Same idea as Protobuf—everyone agrees upfront what each field number means. ASN.1 just got there 20 years earlier and handles even more edge cases.

When to Use

You probably won’t choose ASN.1 for new projects. You’ll encounter it in cryptography, certificates, and legacy telecom systems.

YAML: Human-Friendly Configuration

Created: 2001 (Clark Evans, Ingy döt Net, Oren Ben-Kiki) Specification: yaml.org/spec/1.2.2 File Extension: .yaml, .yml

YAML (YAML Ain’t Markup Language) prioritizes human readability. It’s a superset of JSON—any valid JSON is valid YAML.

Technical Details

# Comments allowed!
server:
  host: localhost
  port: 8080
  features:
    - auth
    - logging

Key Features

Indentation-based: Whitespace matters
Comments: # for single-line
Anchors/aliases: &name and *name for references
Multiple documents: --- separator

Strengths

Highly readable
Comments supported
Multi-line strings without escaping
Complex data structures

Weaknesses

“Norway problem”: NO parses as boolean false
Whitespace sensitivity causes errors
Multiple ways to express same data
Security concerns (arbitrary code execution in some parsers)

ELI5

Optimized for clarity, not bandwidth. YAML is for humans editing config files—not for machines exchanging data over networks.

When to Use

Configuration files (Kubernetes, Docker Compose, CI/CD), anywhere humans edit data directly and comments help.

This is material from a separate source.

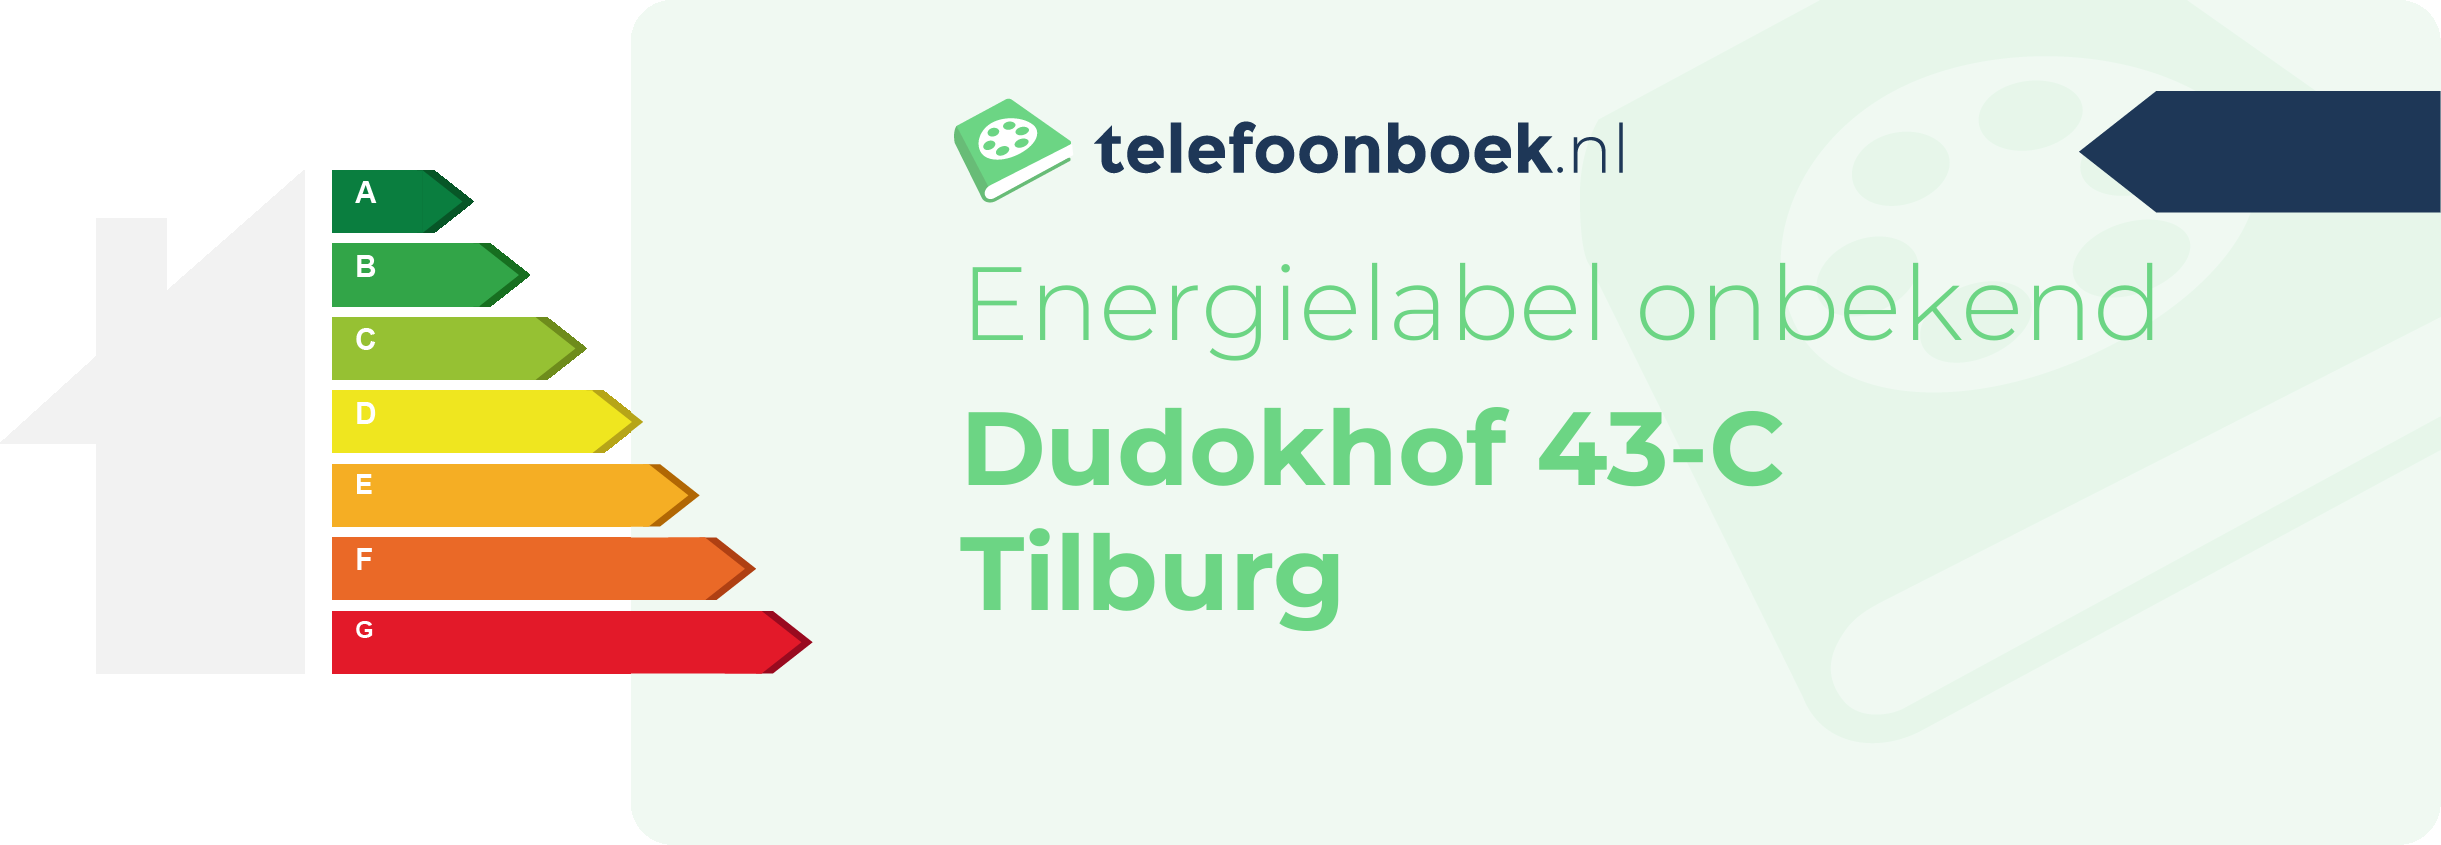 Energielabel Dudokhof 43-C Tilburg

TOML: Minimal Configuration

Created: 2013 (Tom Preston-Werner) Specification: toml.io File Extension: .toml

TOML (Tom’s Obvious Minimal Language) emerged as a reaction to YAML’s complexity. It’s used by Rust (Cargo.toml), Python (pyproject.toml), and others.

Technical Details

[server]
host = "localhost"
port = 8080

[server.features]
auth = true
logging = true

Key Features

Explicit typing: Dates, times, arrays have clear syntax
Sections: [section] and [section.subsection]
No anchors: Intentionally simpler than YAML
Deterministic: Same data = same representation

Strengths

Easy to read and write
Unambiguous parsing
Clear error messages
Growing ecosystem support

Weaknesses

Less expressive than YAML
Nested structures can be verbose
Smaller ecosystem than JSON/YAML

ELI5

Same goal as YAML—clarity for humans, not bandwidth for machines—but with stricter rules so you make fewer mistakes.

When to Use

Configuration files where YAML’s complexity isn’t needed. Rust projects (mandatory). Python packaging (pyproject.toml).

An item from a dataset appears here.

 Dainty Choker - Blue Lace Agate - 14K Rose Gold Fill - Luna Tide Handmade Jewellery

TOON: Token-Optimized for LLMs

Created: October 2025 (toon-format organization) Specification: github.com/toon-format/toon (v3.0) File Extension: .toon Media Type: text/toon (provisional)

TOON (Token Oriented Object Notation) is the newest format in this list, designed specifically for LLM input. It’s a lossless representation of JSON that minimizes tokens.

Technical Details

TOON combines YAML-style indentation for nested objects with CSV-like tabular layouts for uniform arrays:

users[2]{name,age}:
Alice,25
Bob,30

Equivalent JSON:

{"users": [{"name": "Alice", "age": 25}, {"name": "Bob", "age": 30}]}

Key Features

Header-based: Field names declared once, values follow
40% fewer tokens: Than equivalent JSON typically
Lossless: Round-trips to JSON perfectly
UTF-8 always: No encoding ambiguity

Performance

Metric	JSON	TOON
Accuracy	69.7%	73.9%
Efficiency (acc/1K tokens)	15.3	26.9

Strengths

Significant token savings at scale
Better context window utilization
Lower API costs for LLM applications
Human-readable (unlike binary formats)

Weaknesses

New format (October 2025)
Limited tooling compared to JSON
Requires conversion layer for existing systems
Not yet widely adopted

ELI5

Like having one header row for each column in a table instead of repeating the column name for every single row. You declare field names once, then just list the values.

When to Use

LLM prompts with structured data, RAG applications, anywhere token efficiency matters. Especially useful for large datasets with uniform object arrays.

Implementations

TypeScript: Reference implementation
Python: toons (Rust-based, fast)
Go, Rust, .NET: Available via toon-format org

Alternatives Not in the Video

MessagePack

Created: 2008 (Sadayuki Furuhashi) Specification: msgpack.org

Binary JSON without schema. Type-prefixed values, efficient numeric encoding.

Use when: You want JSON semantics but smaller/faster.

CBOR

Created: 2013 (IETF) Specification: RFC 8949

Concise Binary Object Representation. Designed for constrained environments (IoT).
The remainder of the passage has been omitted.